**RECORDED INFORMATION**
<<<<

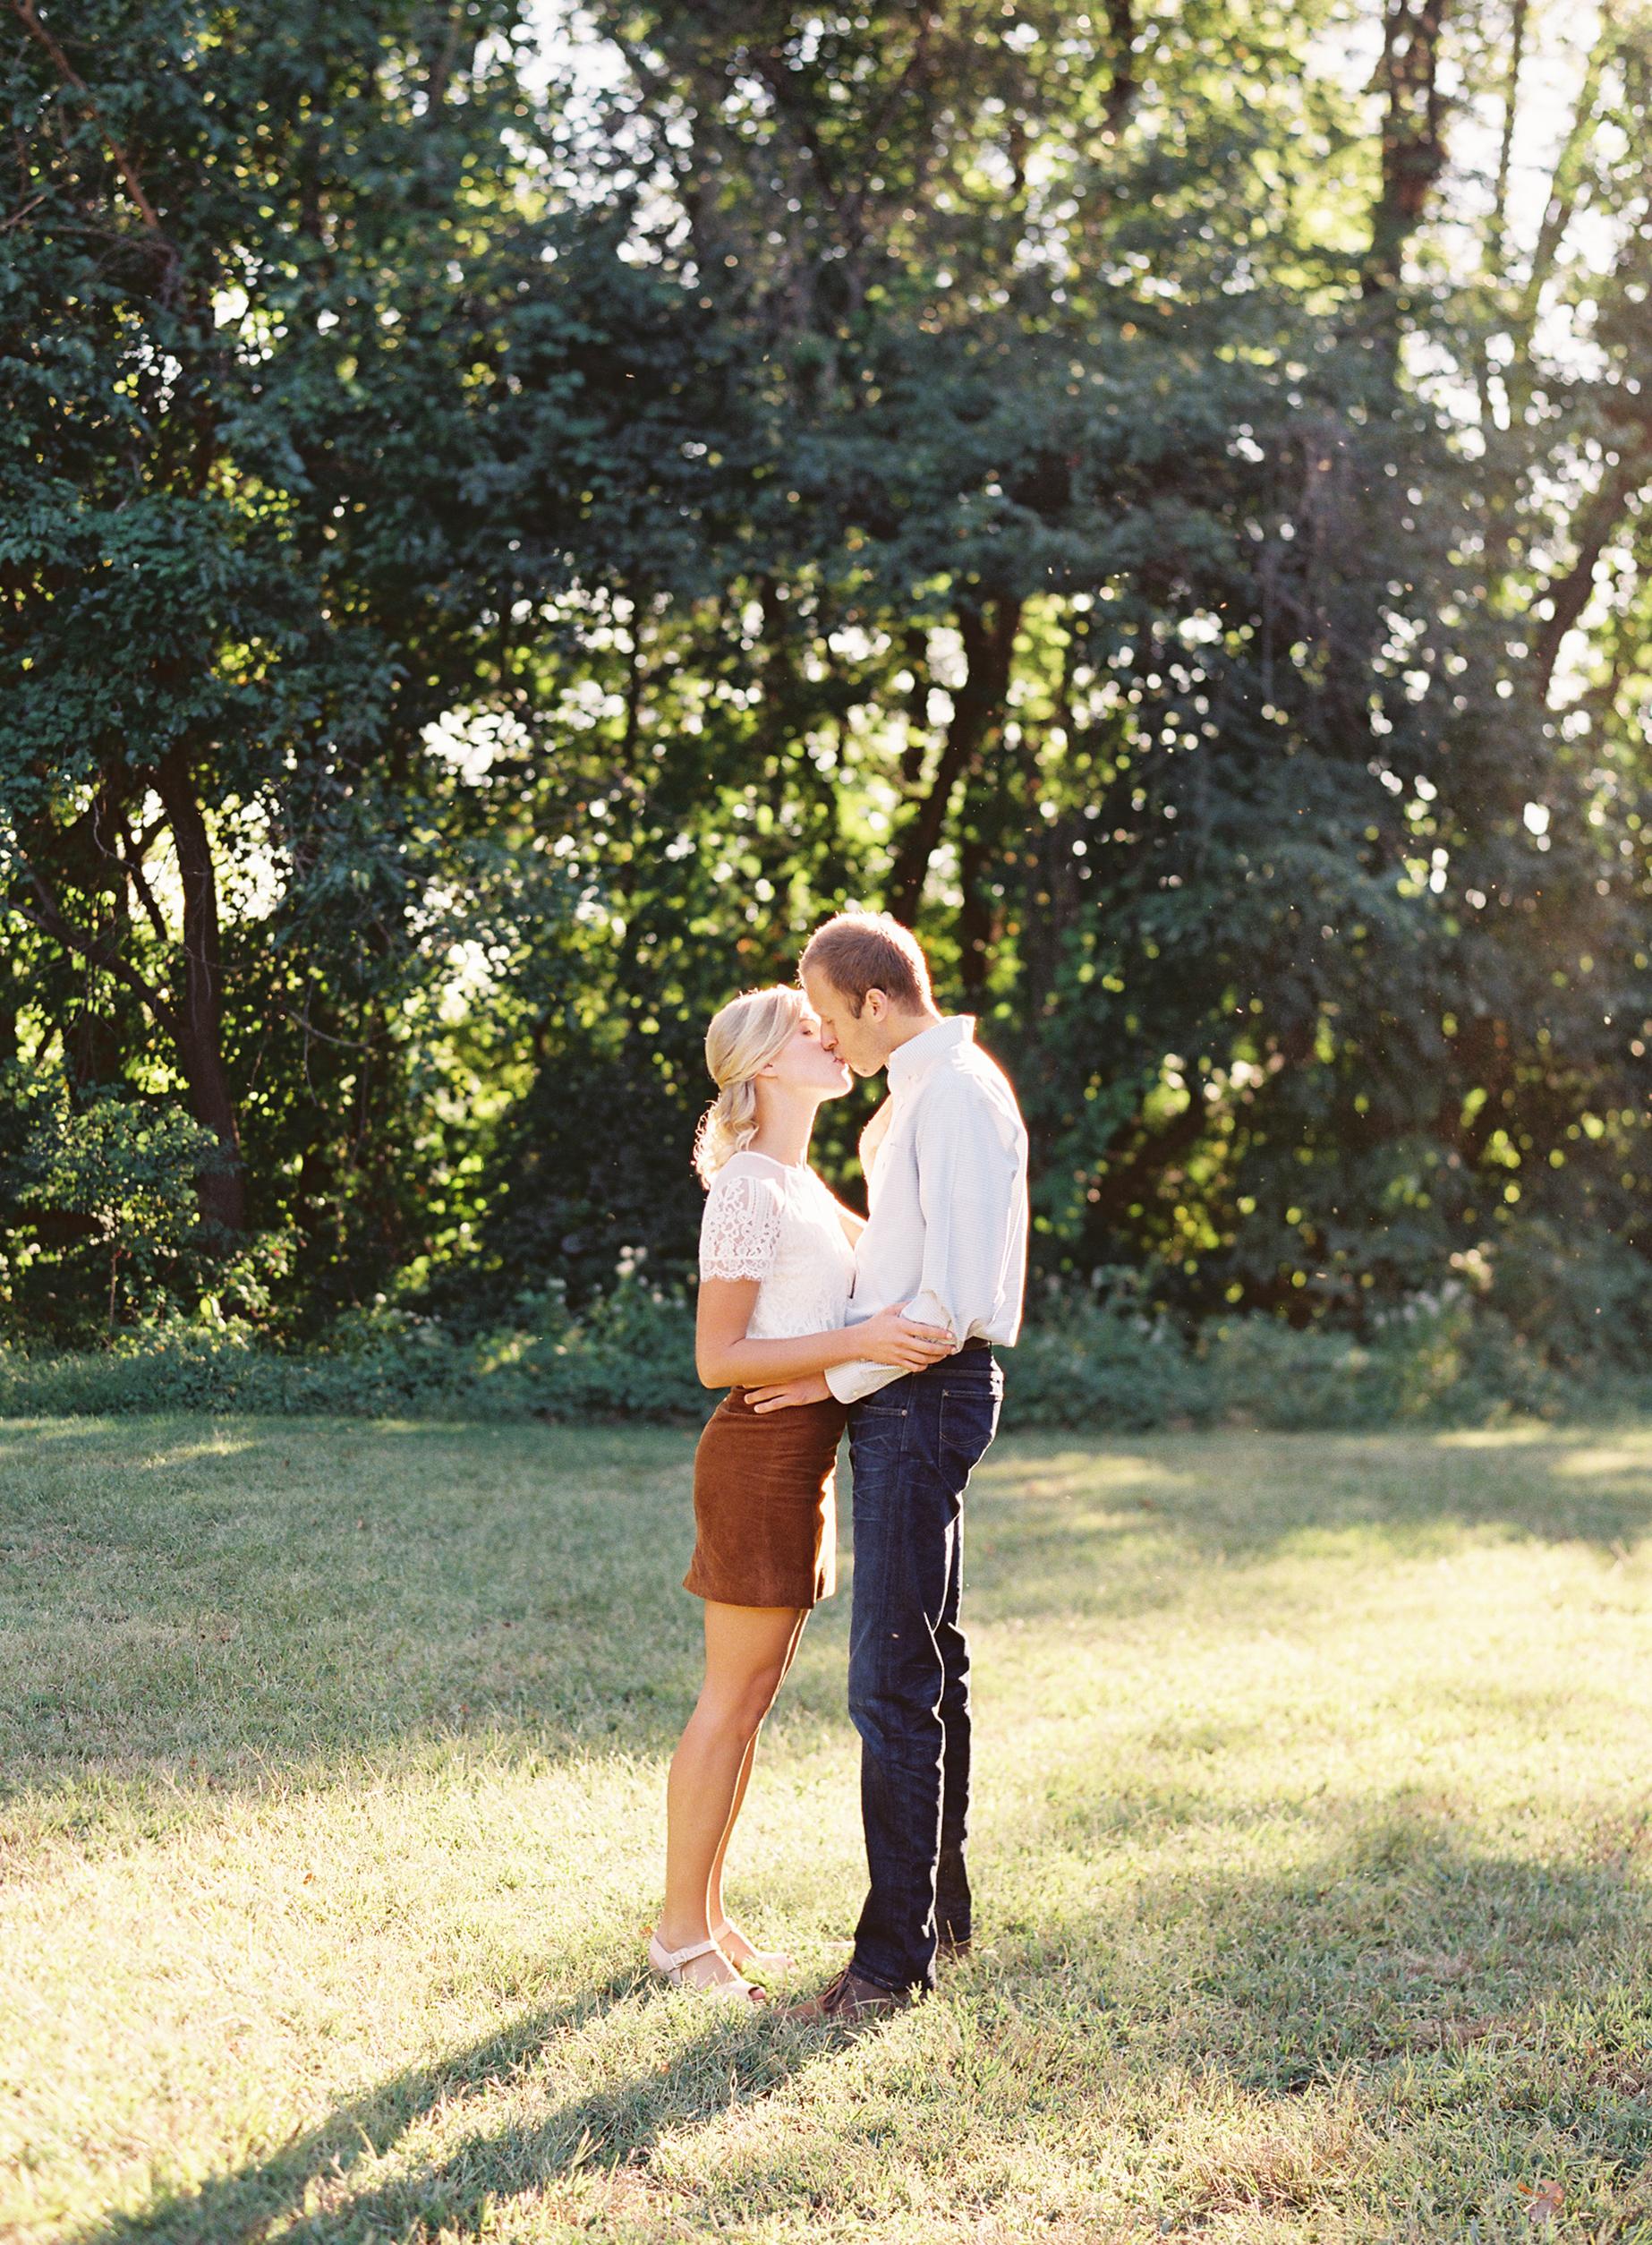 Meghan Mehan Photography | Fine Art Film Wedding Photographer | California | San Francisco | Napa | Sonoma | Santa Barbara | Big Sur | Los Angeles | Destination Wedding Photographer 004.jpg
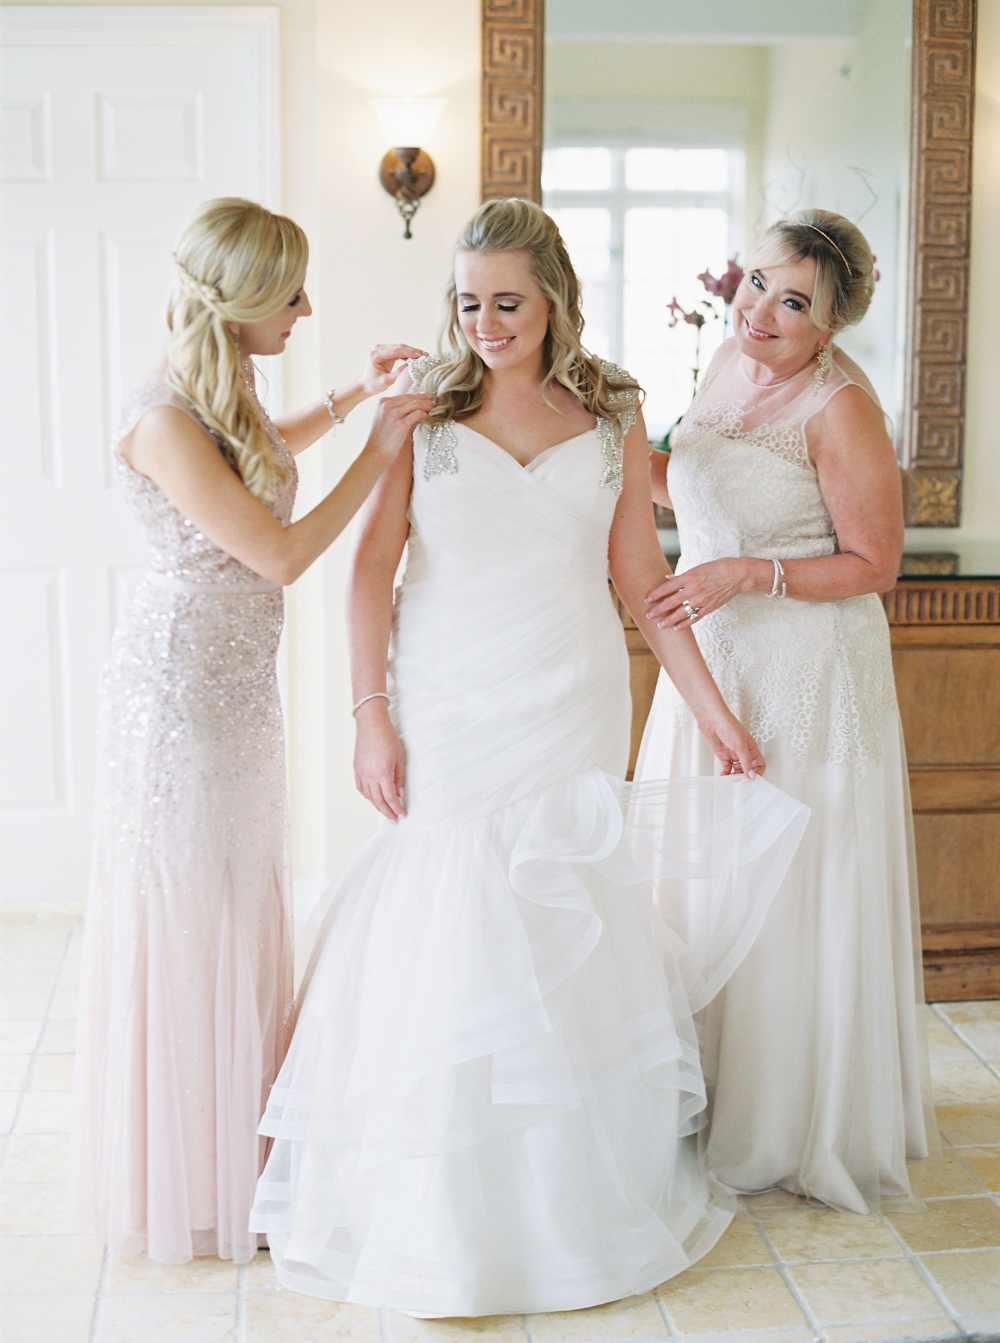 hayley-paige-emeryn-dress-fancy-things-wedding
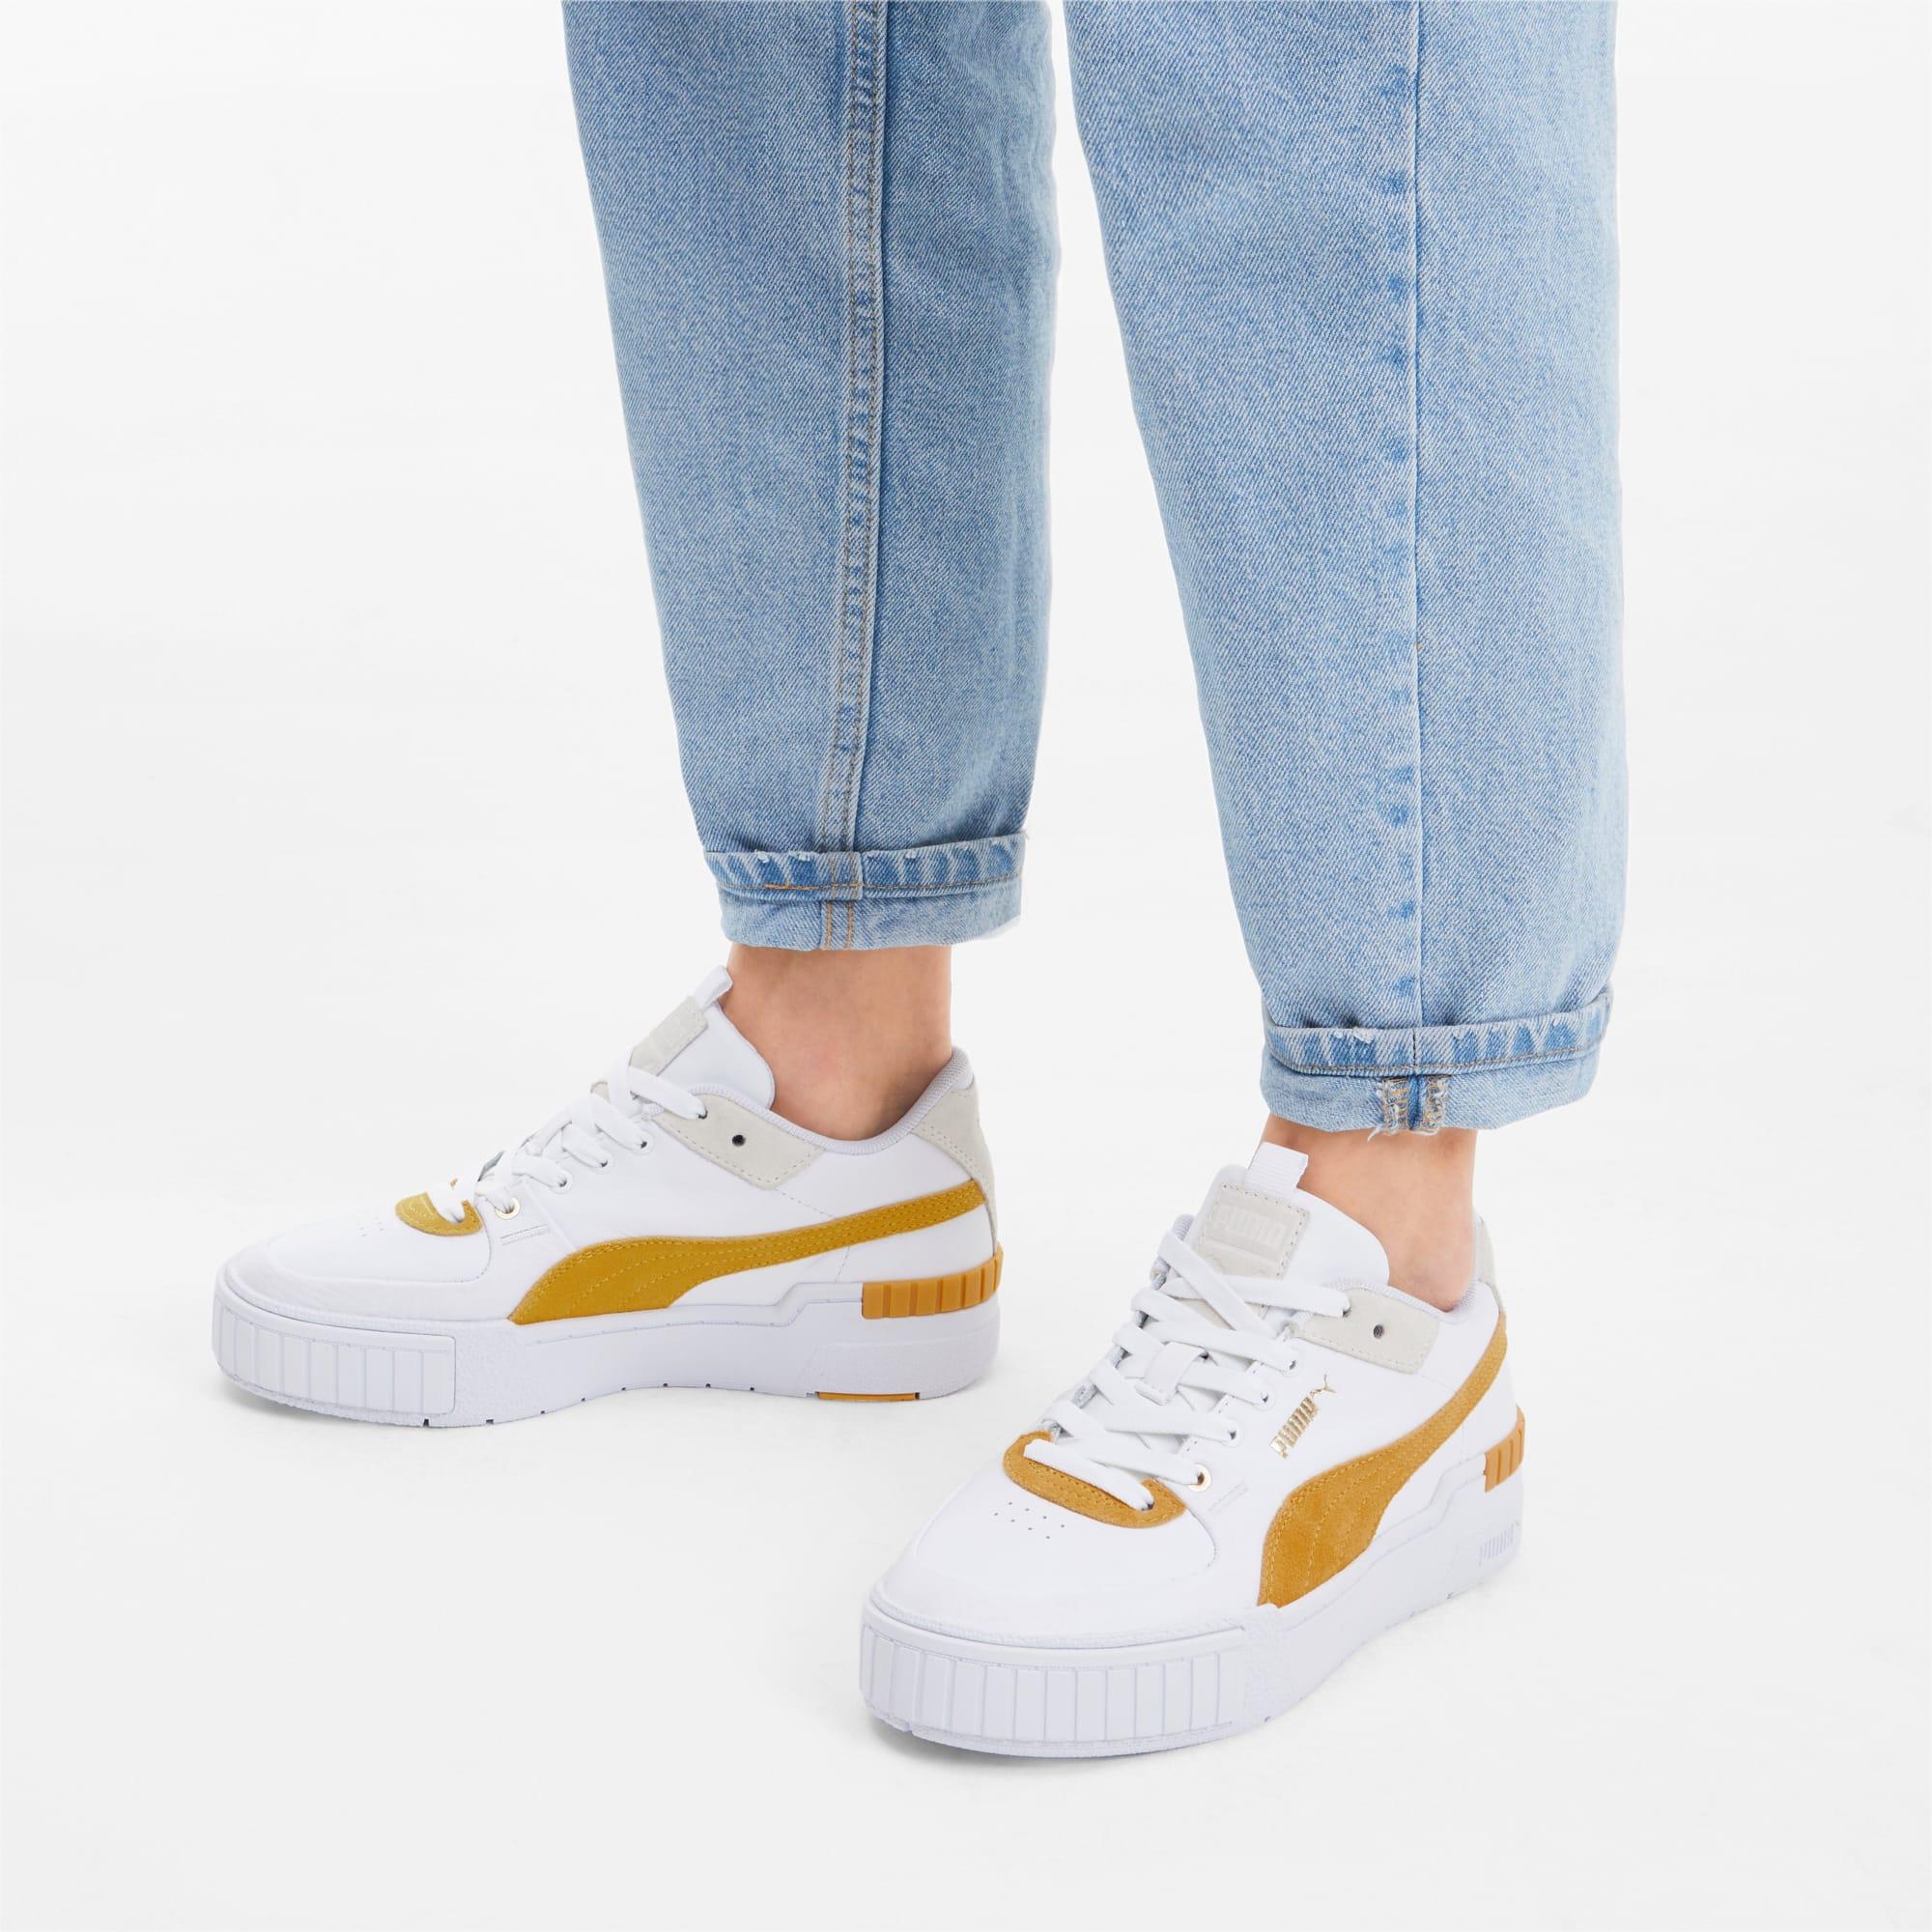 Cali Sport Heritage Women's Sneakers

>>>>

Copy out the whole listing word for word, except for any picture it includes.

 Meghan Mehan Photography | Fine Art Film Wedding Photographer | California | San Francisco | Napa | Sonoma | Santa Barbara | Big Sur | Los Angeles | Destination Wedding Photographer 004.jpg
 hayley-paige-emeryn-dress-fancy-things-wedding
 Cali Sport Heritage Women's Sneakers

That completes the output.